T.J. with the Bandan Koro African Dance Ensemble leads children dancing during a Juneteenth celebration at Fair Park in Dallas, Monday, June 19, 2017. Juneteenth celebrates the end of slavery in Texas. (AP Photo/LM Otero)

In today’s modern world of cell phones, computers and the internet, it is easy to take for granted the sheer ease and expedience at the reach of our fingertips. Information, no matter how obscure, has never been easier to attain and the speed at which said information is attained is immediate. As products of today’s instant gratification society, many of us have become smug and complacent by the very technology that makes our lives so convenient, making it almost too easy to forget a time in which information could not be received nor sent with the rapidity of today’s gizmos and gadgetry. In the not too distant past, information took many days, weeks and even months to be sent and received. Case in point, 150 years ago our ancestors did not have the privilege or convenience of the entirety of human knowledge at their disposal.

As the Civil War came to an end in the spring of 1865, it’s conclusion should have put an end to centuries of slavery in this country.  However, instant freedom didn’t happen for everyone.  Many slave owners, particularly in Texas, intentionally refrained from “sharing” the news that their slaves were free until after the harvest season was over, so as to not infringe on their beloved profit margins.  However, the arrival of Union General Gordon Granger and his army in Galveston that June finally represented real emancipation for the nearly 250,000 slaves within Texas’ borders. Upon receiving the life changing news, jubilant celebrations broke out amongst the newly freed slaves, and thus what became known as “Juneteenth” came into existence.

Granger read General Order No. 3, which declared:

“The people of Texas are informed that, in accordance with a proclamation from the Executive of the United States, all slaves are free. This involves an absolute equality of personal rights and rights of property between former masters and slaves, and the connection heretofore existing between them becomes that between employer and hired labor. The freedmen are advised to remain quietly at their present homes and work for wages. They are informed that they will not be allowed to collect at military posts and that they will not be supported in idleness either there or elsewhere.” —Headquarters District of Texas, Galveston, June 19, 1865

Nearly two and a half years before Granger’s announcement, President Abraham Lincoln issued the Emancipation Proclamation on January 1, 1863, which put into law that all enslaved people in the Confederate States “Shall be then, thenceforward, and forever free,” at least on paper.

In actuality, the Emancipation Proclamation did not immediately free any slaves because the application of its policies were only valid in places under Confederate control and were effectively null and void in any of the slave-holding border states and contested areas that were already under Union control. As Northern soldiers made their way down into the Confederate controlled South, many slaves fled to the apparent safety within Union borders.

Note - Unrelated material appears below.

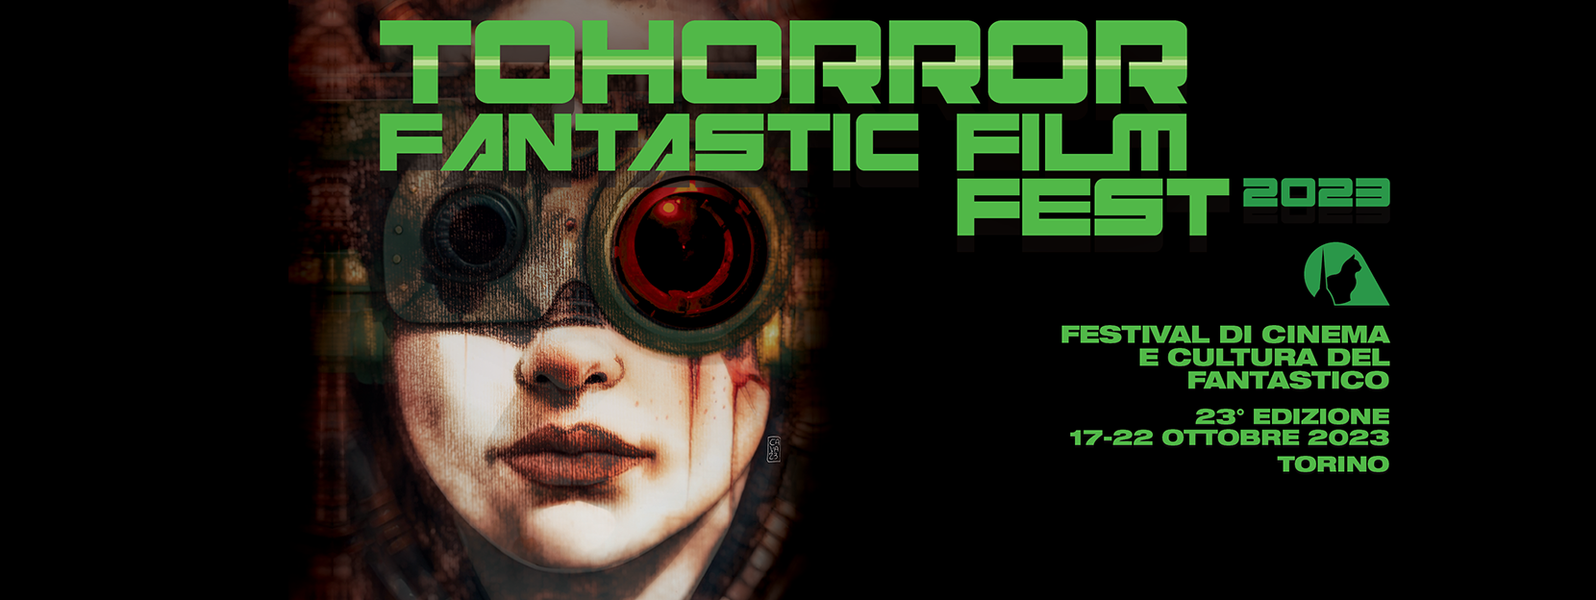 TOHorror Fantastic Film Fest

In Texas, slavery remained relatively unaffected because Civil War fighting did not bleed over as the state experienced no large-scale fighting. Many slave owners from outside Texas viewed it as a safe-haven for their livelihoods and opted to move there with their slaves.

Juneteenth (“June 19th”) has since become a holiday commemorating the day in which General Granger arrived at Galveston, Texas and marked the effective end of slavery throughout the continuous United States.

In 1979, Texas became the first state to make Juneteenth an official holiday, and today most states have followed suit and maintain Juneteenth observances. In the coming years, Juneteenth celebrations have become widespread amongst Black communities all over the United States.